I wrote this small program to test it out. Here is the output:
11111111111111111111111111111111
11111111111111111111111111111111
(int)uint_neg_1;
11111111111111111111111111111111
int_neg_1 : %d: -1, %u: 4294967295
uint_neg_1: %d: -1, %u: 4294967295
(int)uint_neg_1: %d: -1, %u: 4294967295
int_neg_1 < 0: True
uint_neg_1 < 0: False
(int)uint_neg_1 < 0: True
So it seems that the bitwise storage and representation for signed and unsigned integers is the same.
The typecast to int changed the evaluation of the expression.

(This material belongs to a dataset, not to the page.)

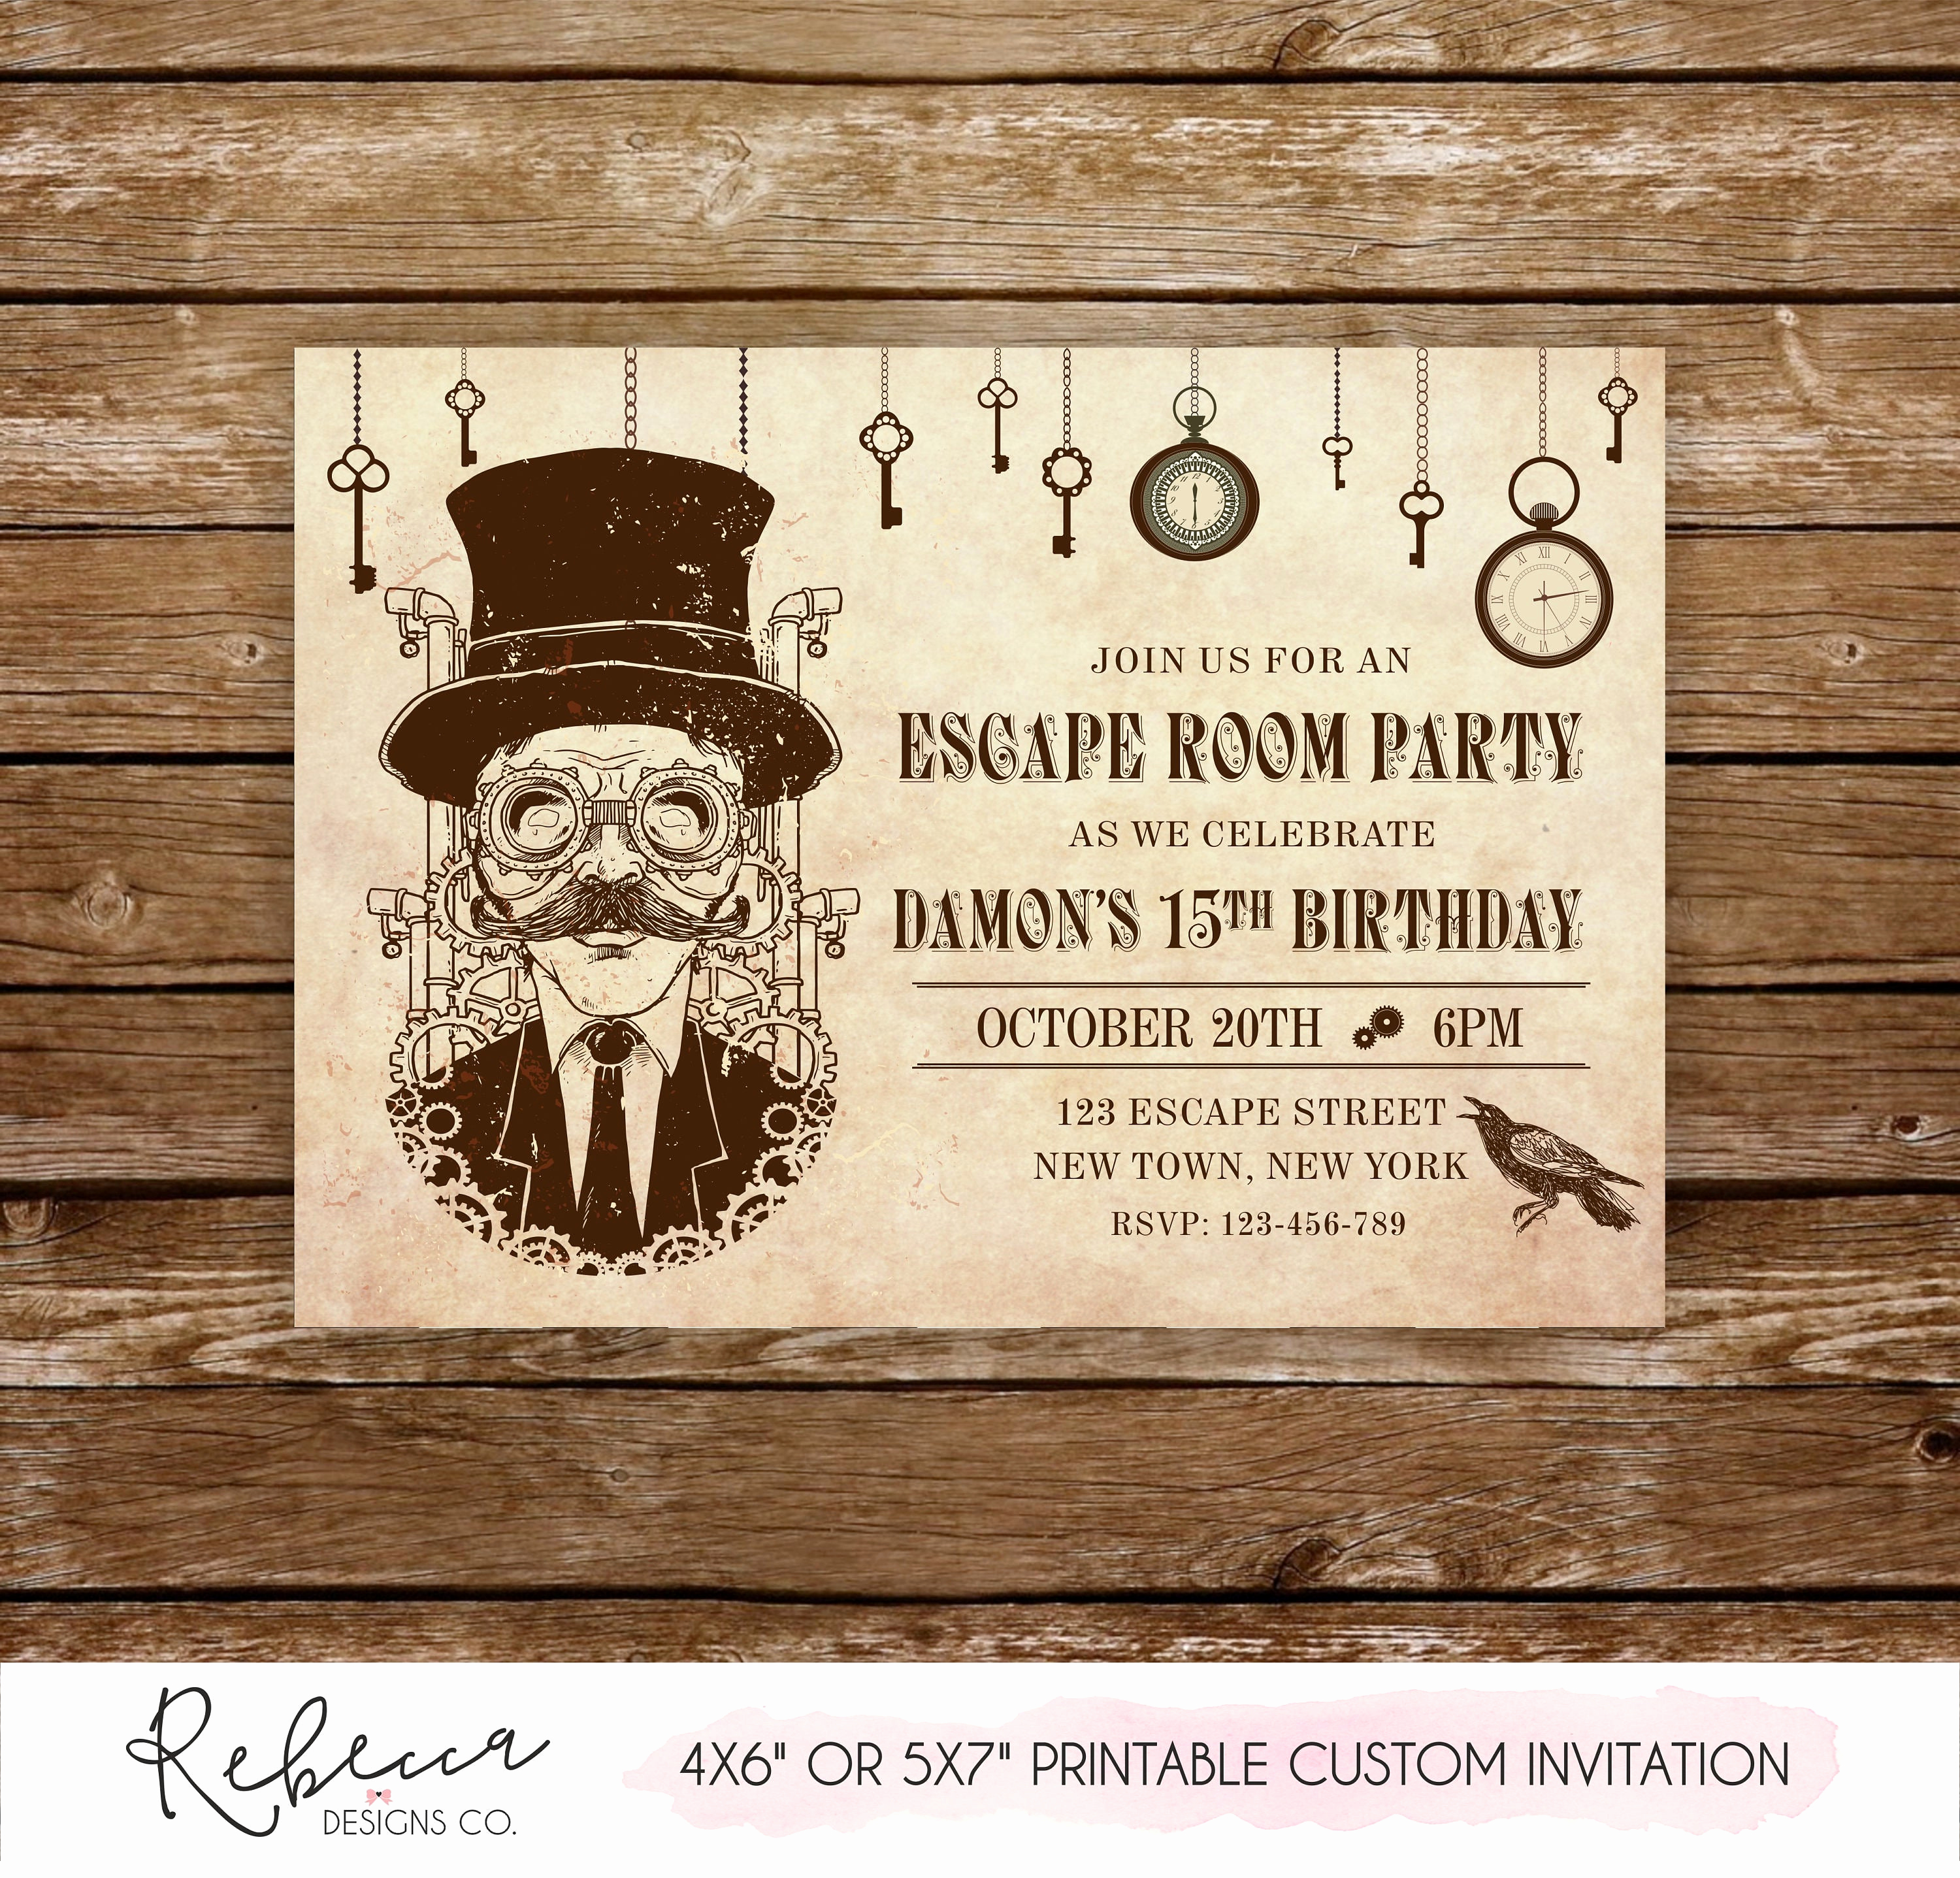 Escape Room Birthday Invitation Luxury Escape Room Invitation Escape Room Party Printable Invitation
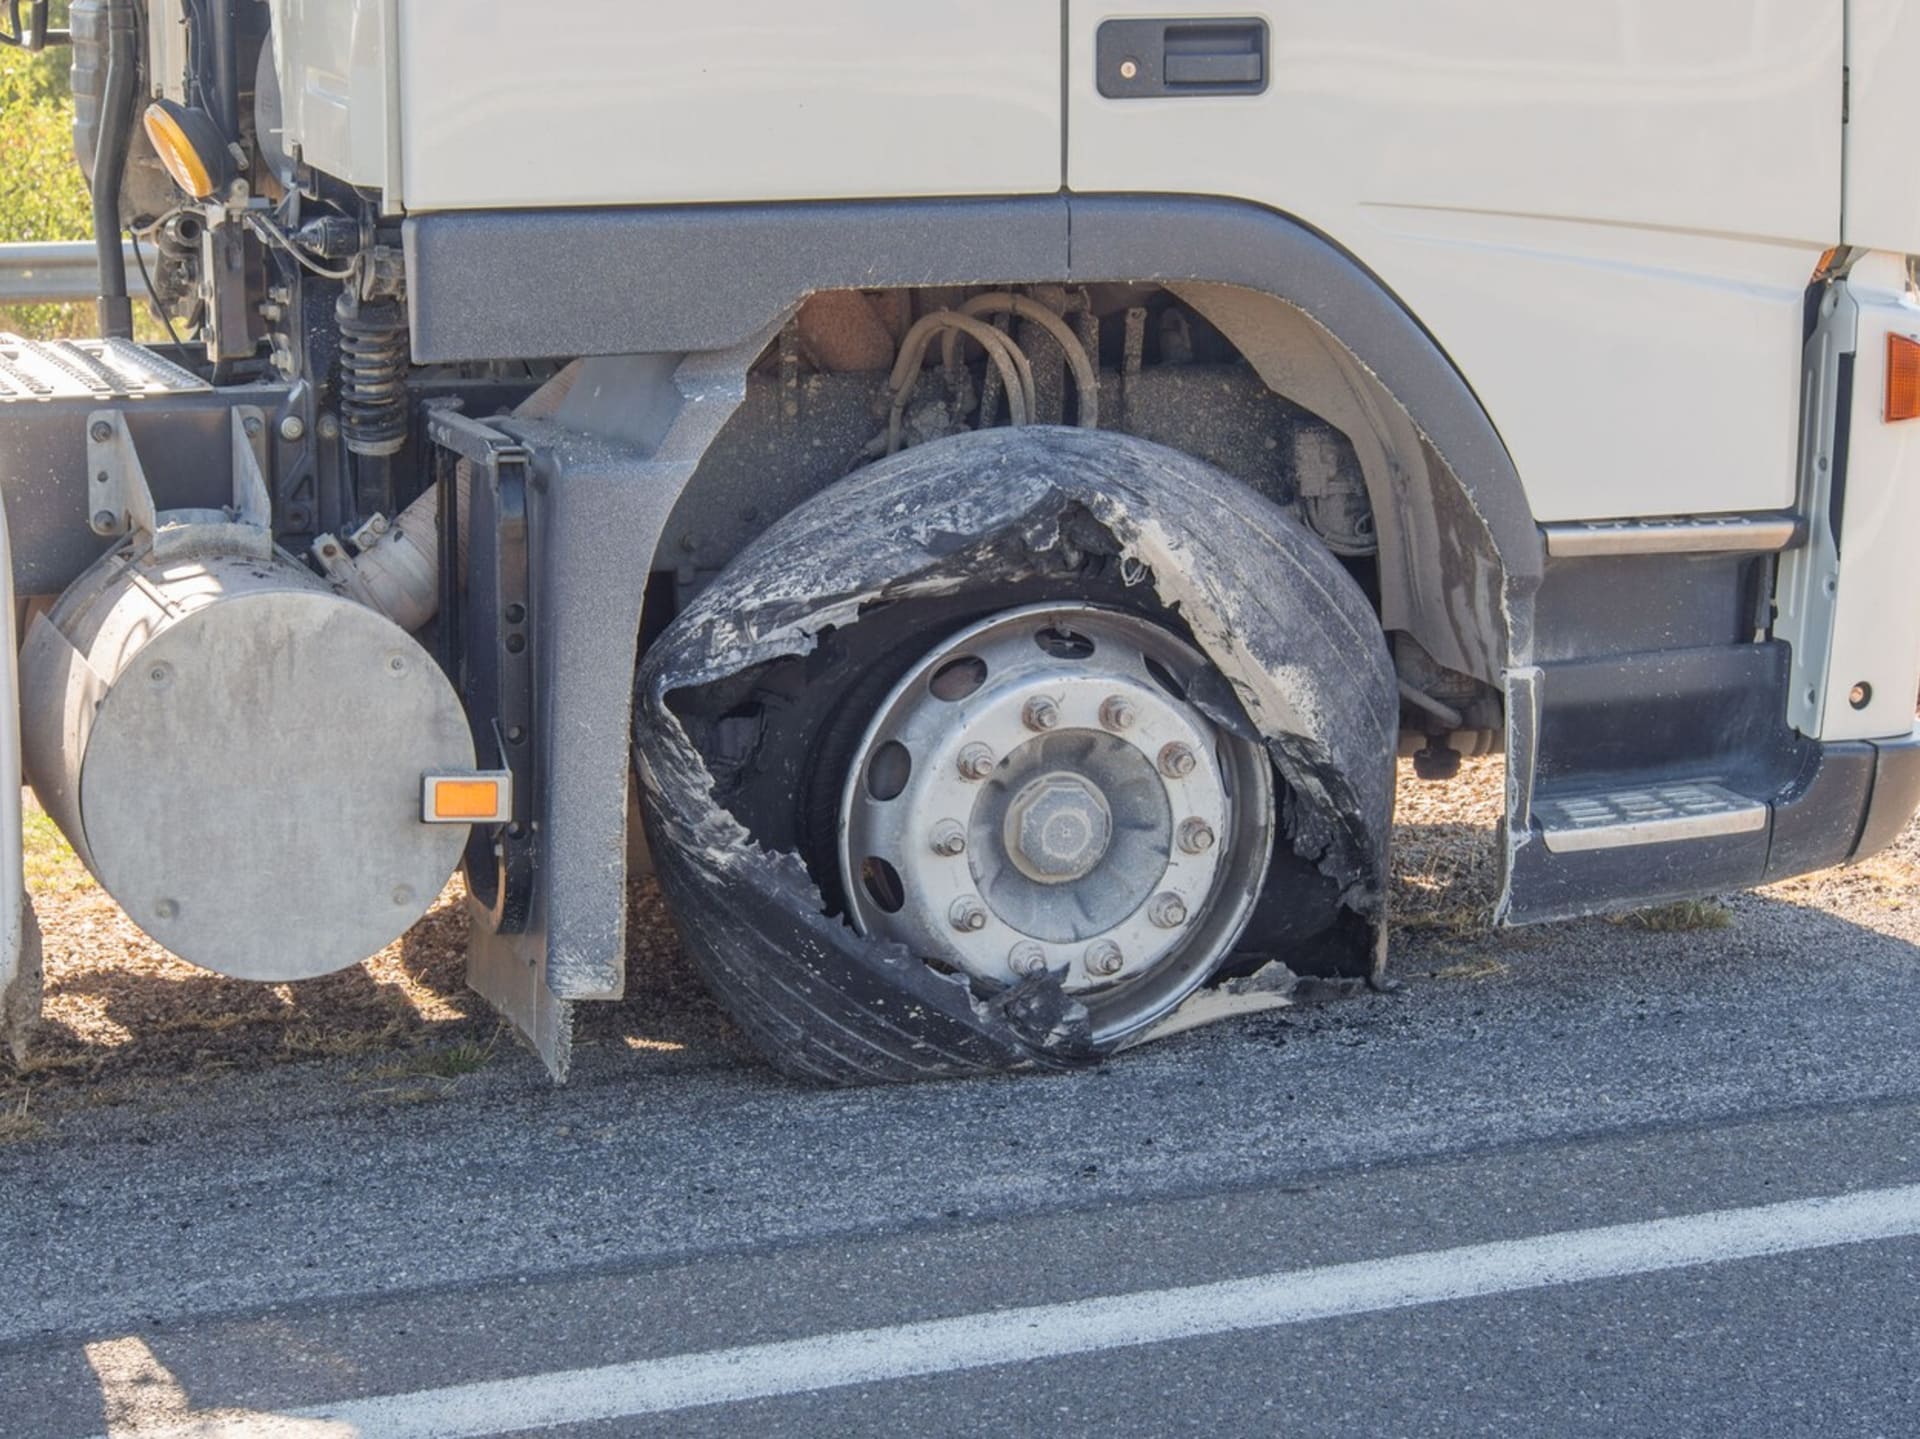 Tlak v pneumatikách nákladních automobilů může dosahovat tlaku až atm/barů.

I'd like to see / understand the difference in the assembly instructions because I think that is probably where the paths diverge.
Quote: There is hence absolutely no point in testing an unsigned integer for being negative! It has no capacity of being negative!
That's what I believed, but based on my experiment it's not safe to rely on the "unsigned" type as an indication of being >= 0.
If someone invokes my function with "-1" and it is written without the bounds check, the result is an access violation. As a design practice my code should catch the error of the caller.
I have a bad headache, I apologize if I've made mistakes.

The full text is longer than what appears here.